The resulting film is delightfully confusing, sublime and above all else visually impressive. Writer director Jaco Van Dormael is clearly a fan of Vonnegut, but he manages to drop in a whimsy and lovey-dovey warmth as well. Following the death-bed recollections of Nemo. the last mortal man on earth, we soon learn that the brain is a mysterious beast.
Nemo seems to recall several significant decisions in his life he may or may not have actually made, yet he remembers all the outcomes. Which one is real? Which one is a dream? Does it matter? The perception is in the pudding, and the final climax of Mr. Nobody proves there is always one more divinely perverse trick up the universes sleeve.
New In The Netherlands: BRAVE
This is interesting if only because there is a Disney movie on Netflix somewhere in the world. (But it is also kind of underrated by the Pixar standards.)

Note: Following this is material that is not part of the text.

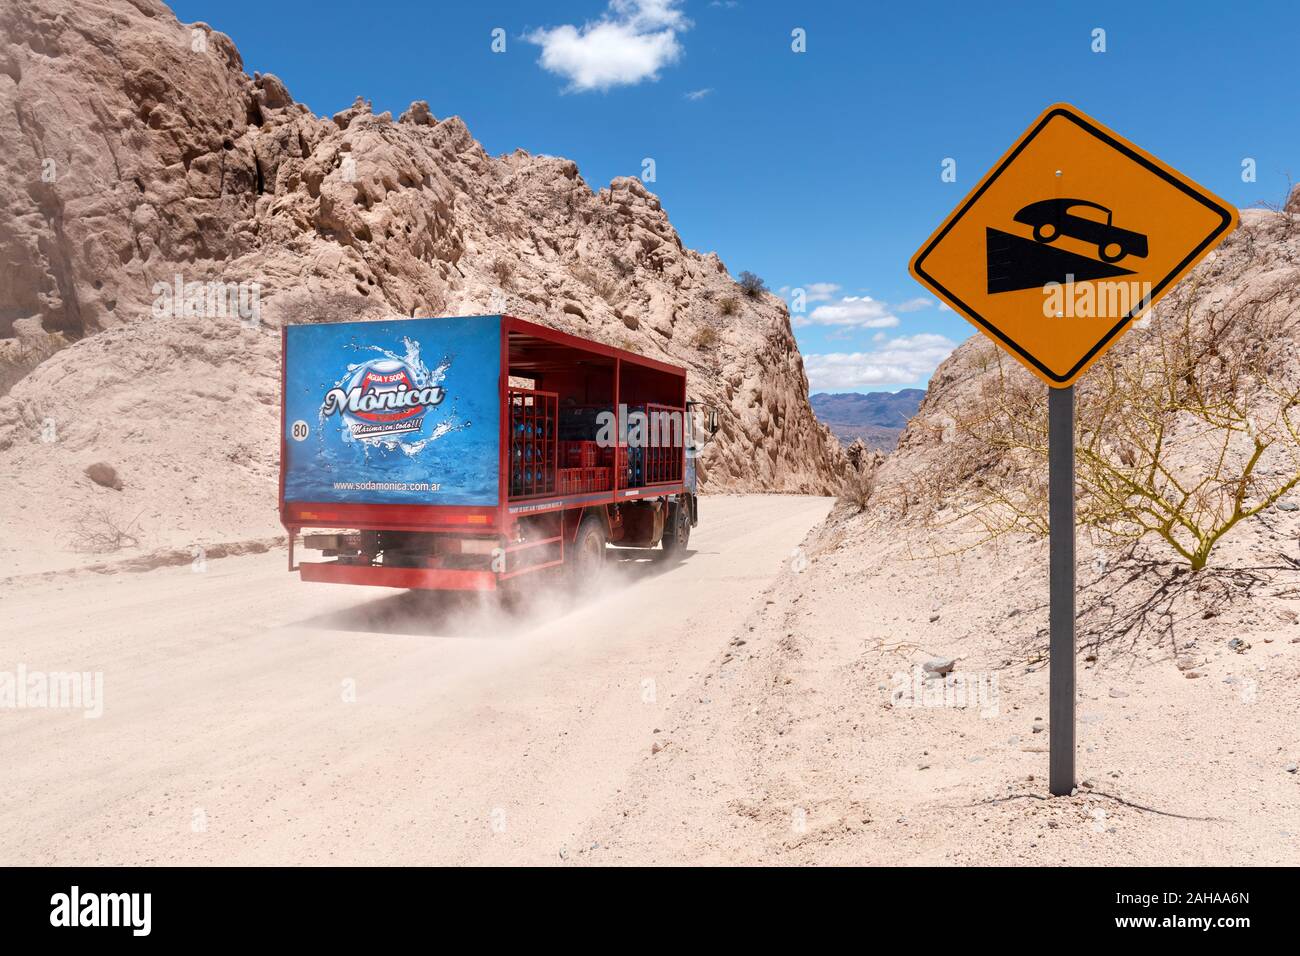 Camion voyageant sur la route en gravier de la route 40 en passant par la Quebrada de las Flechas région de montagne, près de la ville de Cafayate, Argentine. Banque D'Images

Brave is not exactly the film I wanted. I would have preferred things if Pixar shot its arrows not after Disney targets but rather after its leader John Lasseter’s hero and idol, Hayao Miyazaki. At times Brave seems to be aiming for the area that studio showed mastery with in its girl-hero epics Nausicaä of the Valley of the Wind and Mononoke Hime.
America being America, it has to be about how the individual learns from making large blunders instead of an initially well rounded girl finding her way in the world with strong consideration of family and responsibility.
But I should not fault cultural differences or storytelling as Pixar goes its own way on these things. That the film is entirely in service of the royal-smack down between mom and daughter, over checking off boxes on a cultural list, is a minor gripe. There is empathy and spirit here (far more than bafflingly boffo box office Frozen), and that is to be cherished.